Question

A $ 15g $ mass of nitrogen gas is enclosed in a vessel at temperature $ {{27}^{\circ }}C $ . Amount of heat transferred to the gas, so that rms velocity of molecules is doubled, is about:
  $ \text{A}\text{. }10KJ $
  $ \text{B}\text{. }0.9KJ $
  $ \text{B}\text{. 6}KJ $
  $ \text{B}\text{. 14}KJ $

Answer 1

Hint: We will calculate the amount of heat transferred to the gas by applying the equation for heat required for raising the temperature of the system by $ 1K $ at constant volume.
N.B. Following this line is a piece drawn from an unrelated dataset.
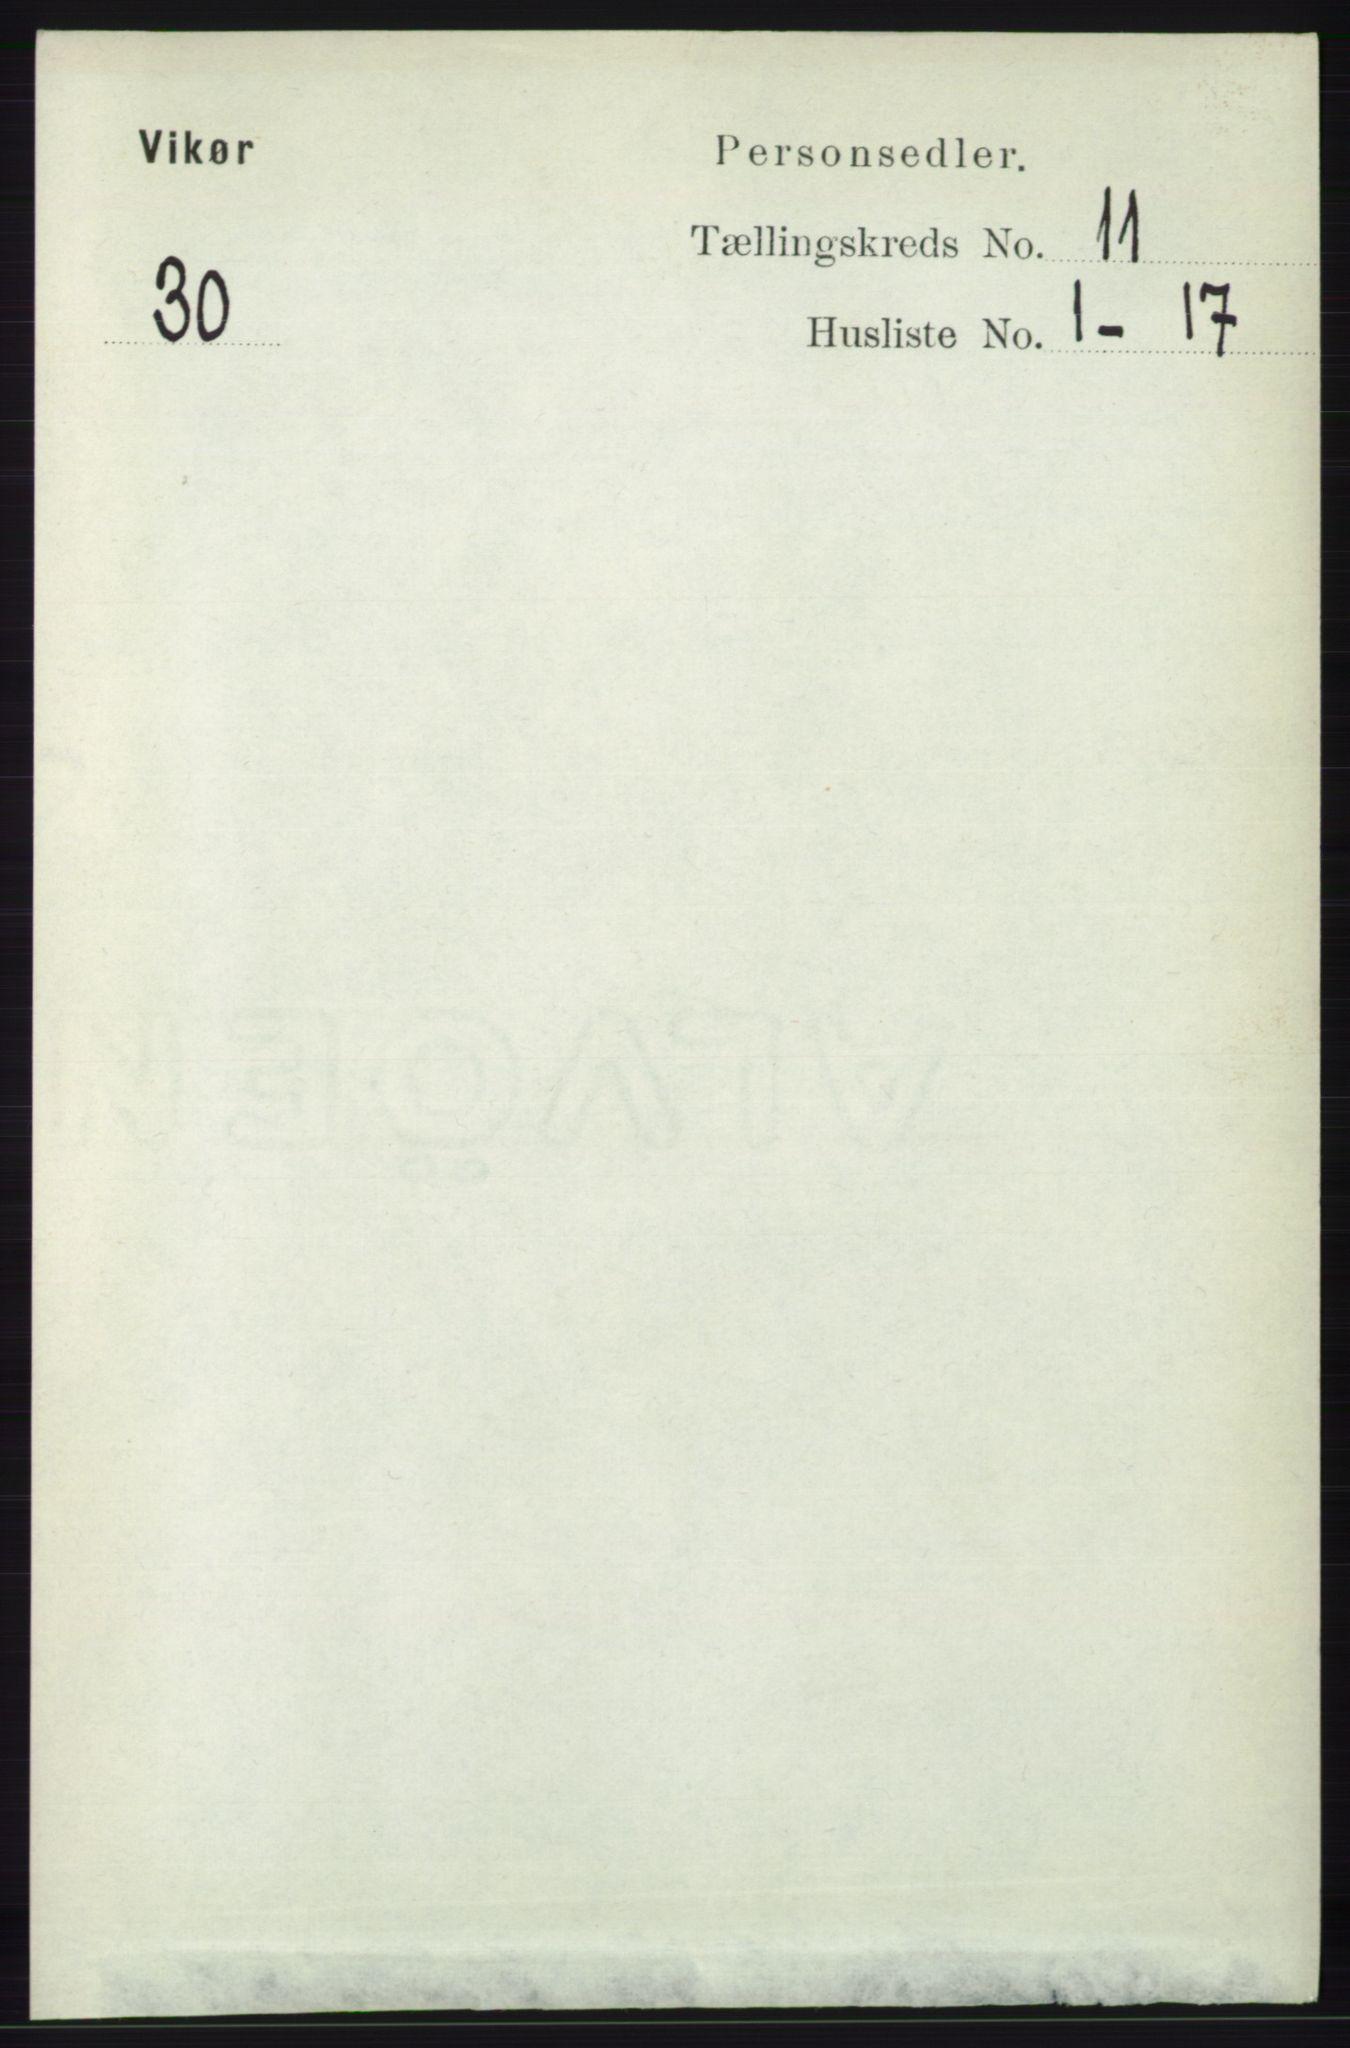 RA, Folketelling 1891 for 1238 Vikør herred, 1891, s. 3145

RMS velocity of gas is directly proportional to the square root of temperature.

Formula used:
For constant pressure, $ Q=n{{C}_{P}}dt $
For constant volume, $ Q=n{{C}_{V}}\Delta T $

Complete step-by-step answer:
We are given that the gas is enclosed in a vessel; it means that the gas undergoes an isochoric process.
An isochoric process is the thermodynamic process in which volume of the gas is held constant; meaning the work done by the gas is zero. Any heat energy transferred to the system externally is absorbed as the internal energy of the system or the gas.
Heat capacity of a gas is expressed as the amount of heat required to raise the temperature of a certain amount of gas by $ 1K $ .
The value of Heat capacity depends on whether the heat is added at constant pressure or at constant volume.
Expression for heat required to increase the temperature of system by $ 1K $ at constant pressure,
  $ Q=n{{C}_{P}}dt $
Expression for heat required to increase the temperature of system by $ 1K $ at constant volume,
  $ Q=n{{C}_{V}}dt $
As the gas is enclosed in vessel, it is undergoing isochoric process, so,
  $ Q=n{{C}_{V}}\Delta T $
Number of moles of Nitrogen gas, $ n=\dfrac{15}{28} $
For diatomic gases, $ {{C}_{V}}=\dfrac{5}{2}R $
RMS velocities of gas molecules is directly proportional to the square root of temperature
As the RMS velocity of gas molecules is doubled, it means that the temperature of gas has become four times the initial temperature
  $ T'=4T $
Temperature $ T $ is given as $ {{27}^{\circ }}C $ , or $ 300K $
It gives,
  $ \begin{align}
  & \Delta T=4T-T \\
 & \Delta T=3T=3\times 300 \\
 & \Delta T=900 \\
\end{align} $
Also, $ R=8.314J $
We have, $ Q=n{{C}_{V}}\Delta T $
  $ \begin{align}
  & Q=\dfrac{15}{28}\times \dfrac{5\times R}{2}\times 900 \\
 & Q=\dfrac{15}{28}\times \dfrac{5\times 8.314}{2}\times 900=1002.13\approx 10,000 \\
\end{align} $
  $ Q=10000J $
The amount of heat transferred to the gas is $ 10KJ $
Hence, the correct option is A.

Note: In the above question, we were given that the vessel is kept closed while transferring heat to the gas, it means the volume of the gas will remain constant throughout the process. Therefore we used the equation for heat required to raise the temperature of the system by $ 1K $ at constant volume. Also, while applying the equation, temperature or the change in temperature is always taken in kelvin. $\text{Temperature in Kelvin = Temperature in Celsius + 273} $.